Sie treffen eine weitreichende Entscheidung: Das Haus in Harburg wird verkauft und dafür ein hochseetüchtiger Schoner für die Söhne angeschafft. Der Rest der Familie will nachkommen, sobald die Brüder auf Galapagos sesshaft geworden sind. Marie und Heinrich ziehen in eine kleine Wohnung, während die Söhne in monatelanger Bastelei ihren Zwei- master umbauen und endlich den Laderaum mit Werkzeugen, Gewehren und Saatgut füllen. Das fertige Schiff taufen sie „Marie“, nach ihrer Mutter.
Bei stürmischen Winden hält die Takelage nicht stand – so schaffen sie es nie über den Atlantik
Pfingstsonntag 1935 legen sie im Morgengrauen ab: Heinrich, Hans, Karl, Gusch und Fritz, zwischen 17 und 24 Jahren alt.
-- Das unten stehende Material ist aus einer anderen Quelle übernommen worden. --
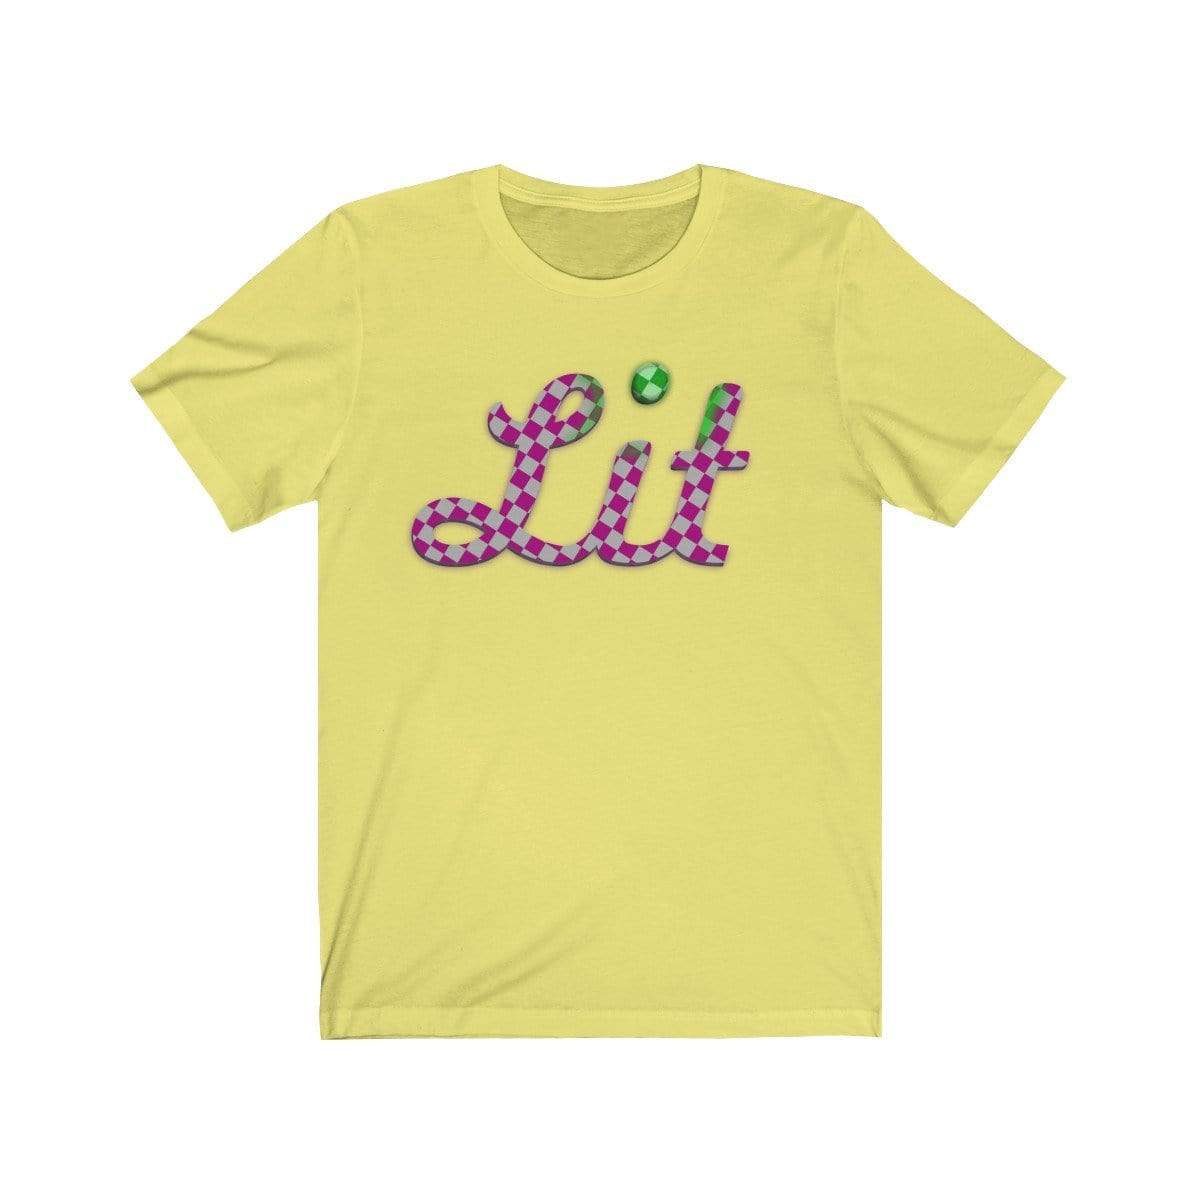 Plumskum T-Shirt Yellow / S Pink Checkered Lit T-shirt

Drahtige Männer auf dem Sprung. 10.700 Kilometer vor ihnen. Ihre Route führt sie über die Elbe auf die Nordsee, wo sie umgehend in einem Orkan landen, der die Träume vom fernen Galapagos zunächst in alle Winde verweht. Ein erster Vorbote der folgenden Odyssee?
In höchster Not setzen sie ihr Boot vor der englischen Küste auf Sand – und bekommen es sechs Monate lang nicht mehr frei. In den Straßen der Hafenstadt Falmouth singen sie deutsche Shantys, um Geld zu verdienen. In dieser Zwangspause kehrt der älteste Bruder Heinrich zurück nach Hamburg. Die anderen Vier verkaufen die festsitzende „Marie“, schaffen ein neues Boot an, sie taufen es auf „Marie II“. Auch damit haben sie Pech. Bei stürmischen Winden schlingert der Rumpf, die erneuerte Takelage hält nicht stand. Ernüchtert landen die Brüder in Amsterdam und sehen ein: Ihr Kahn ist nicht hochseetüchtig und wird es niemals über den Atlantik schaffen. Sie verkaufen auch die „Marie II“.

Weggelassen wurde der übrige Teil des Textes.